Identification of a new order of root-colonising fungi in the Entorrhizomycota: Talbotiomycetales ord. nov. on eudicotyledons

The recently described fungal phylum Entorrhizomycota was established solely for the genus Entorrhiza, species of which cause root-galls in Cyperaceae and Juncaceae. Talbotiomyces calosporus (incertae sedis) shares morphological characteristics and an ecological niche with species of Entorrhiza. We investigated the higher classification of T. calosporus to determine whether it belongs in Entorrhizomycota. Ribosomal DNA sequences showed Talbotiomyces to be a close relative of Entorrhiza and both taxa form a highly supported monophyletic group. Based on molecular phylogenetic analyses and in congruence with existing morphological and ecological data, Entorrhiza and Talbotiomyces represent a deep dichotomy within the Entorrhizomycota. While species of Entorrhiza are characterised by dolipores and occur on monocotyledons, members of Talbotiomyces are characterised by simple pores and are associated with eudicotyledons. This expands the host range of the recently described Entorrhizomycota from Poales to other angiosperms. Higher taxa, namely Talbotiomycet ales ord. nov. and Talbotiomycetaceae fam. nov., are proposed here to accommodate Talbotiomyces.

Entorrhiza consists of species that form galls on roots of two monocotyledon sister families, Cyperaceae and Juncaceae. This enigmatic genus had an unstable and unresolved systematic position within the kingdom Fungi. Traditionally, it was considered a smut genus and classified in Tilletiaceae (Zundel 1953). In the modern classification of smut fungi, based on ultrastructure and molecular phylogeny, Entorrhiza was accommodated in the distinct family, order, subclass and class, Entorrhizaceae, Entorrhizales, Entorrhizomycetidae and Entorrhizomycetes, within the Ustilaginomycotina (Bauer et al. 1997, Begerow et al. 1998, 2007). Bauer et al. (2015) demonstrated that Entorrhiza could not be assigned to any of the main fungal lineages and consequently established the novel phylum Entorrhizomycota. However, it remains unclear if Entorrhizomycota belongs to the subkingdom Dikarya, which comprises the phyla Ascomycota and Basidiomycota, or represents a sister group (Bauer et al. 2015).

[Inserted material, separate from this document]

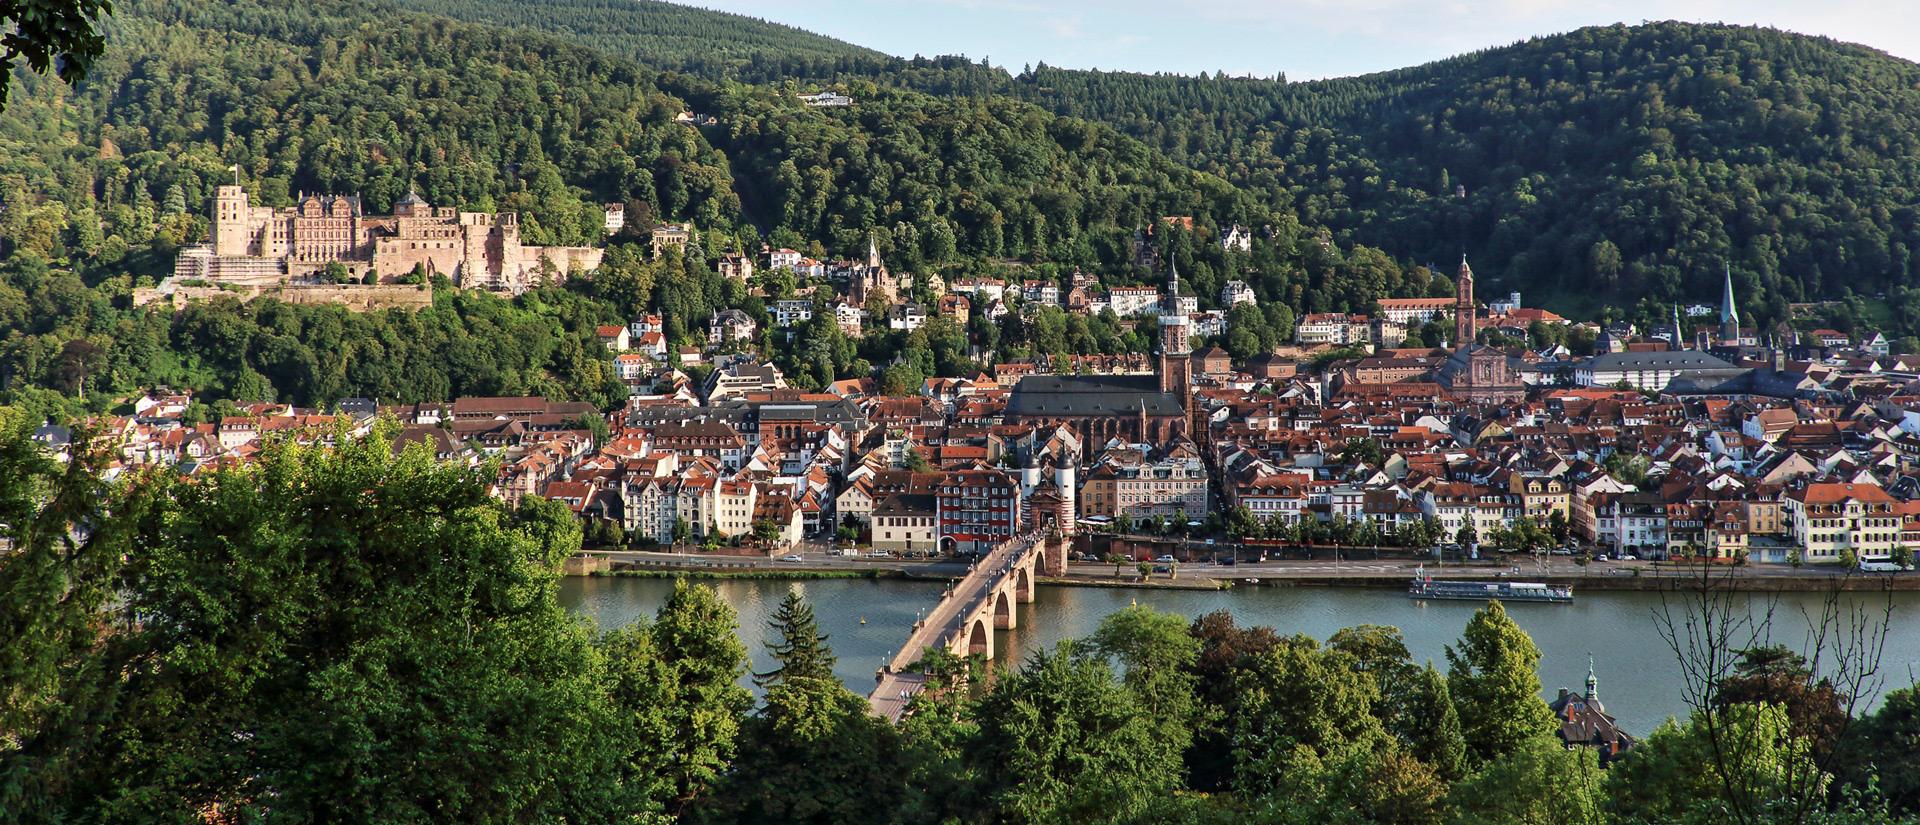 Botanischer Garten Heidelberg Inspirierend Hotels Heidelberg Germany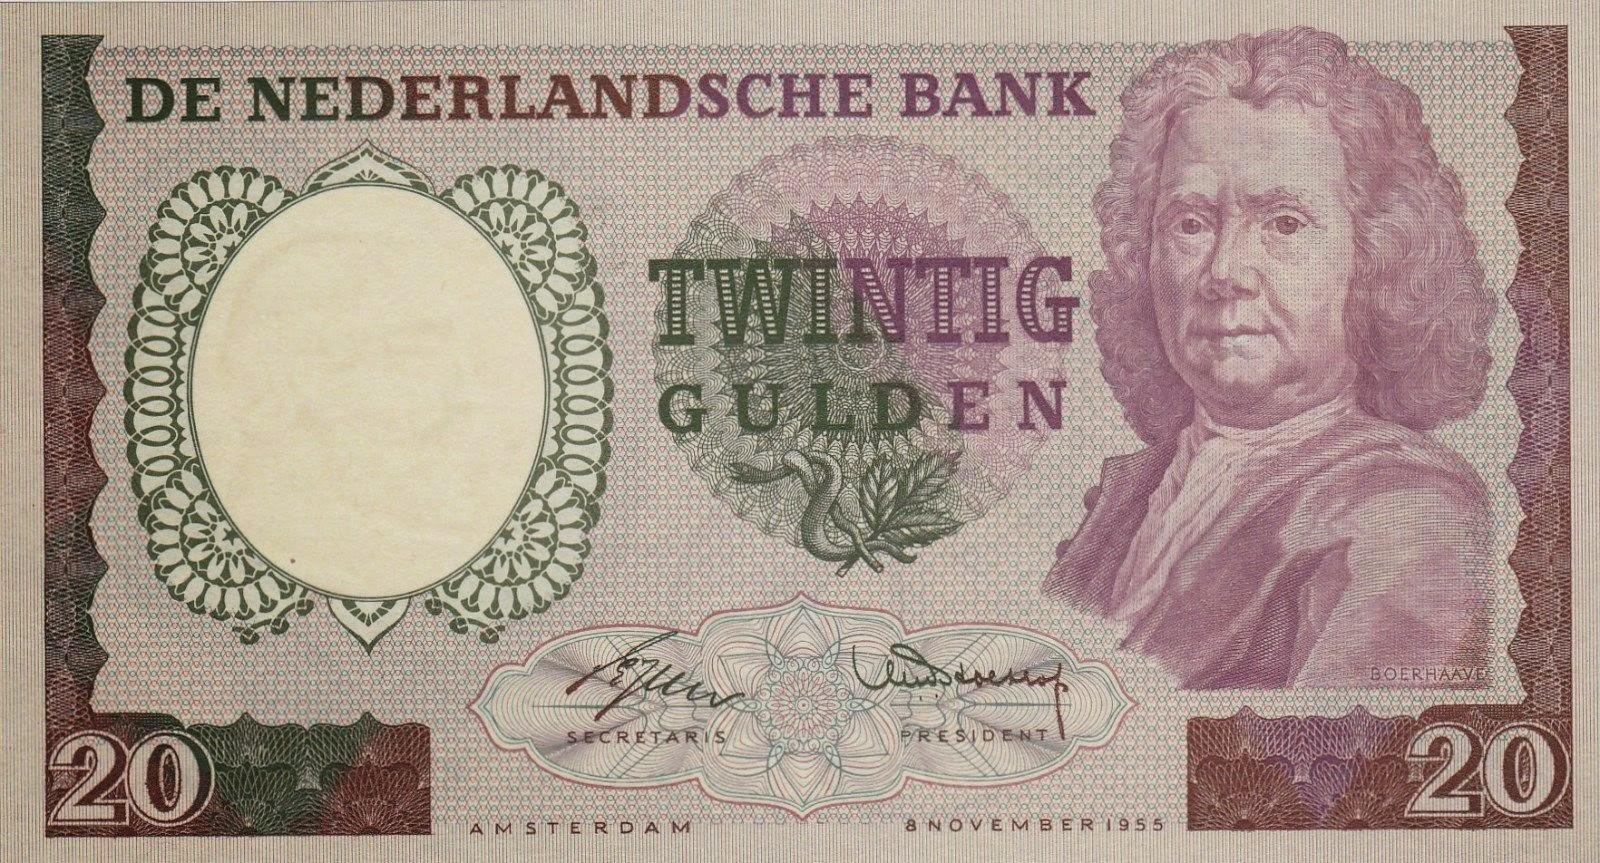 netherlands 20 gulden banknote 1955 herman boerhaave

Entorrhizomycota currently comprises a single genus, Entorrhiza, with 14 species that cause galls in the roots of Cyperaceae and Juncaceae (Fineran 1978, Vánky 1994, 2012, 2013, Denchev & Denchev 2012). Due to the different age estimates of the Entorrhizomycota versus those of their host groups, Bauer et al. (2015) hypothesized that known entorrhizomycotan species and their respective host range only reflect a very small portion of a much larger, yet undiscovered diversity. Species of Entorrhiza regularly form septate, clampless hyphae, which are coiled in living host cells. During spore formation, hyphae terminate with globose cells, which detach from the hyphae and become thick-walled teliospores (Fineran 1980, Deml & Oberwinkler 1981, Bauer et al. 2015). Talbotiomyces, a genus morphologically similar to Entorrhiza, was established to accommodate Entorrhiza calospora, a species causing galls on roots of some South African members of the eudicotyledonous order Caryophyllales (Vánky et al. 2007). Given the similar morphology and ecology of Talbotiomyces calosporus to those of Entorrhiza species, it is possible that Talbotiomyces might be an unrecognized member of the Entorrhizomycota. To test this hypothesis, we analysed the nuclear rDNA of an isotype of T. calosporus collected in 1943, with five species of Entorrhiza, and representatives of Dikarya and Glomeromycota.

Material

Specimen examined: Talbotiomyces calosporus: South Africa: Gauteng: Pretoria, Brummeria, near Murray Farm, on Limeum viscosum (syn. L. glomeratum), 30 Jan. 1943, J.J.O. Pazzi (BRIP: HUV 587 — isotype from PREM 33770 — holotype).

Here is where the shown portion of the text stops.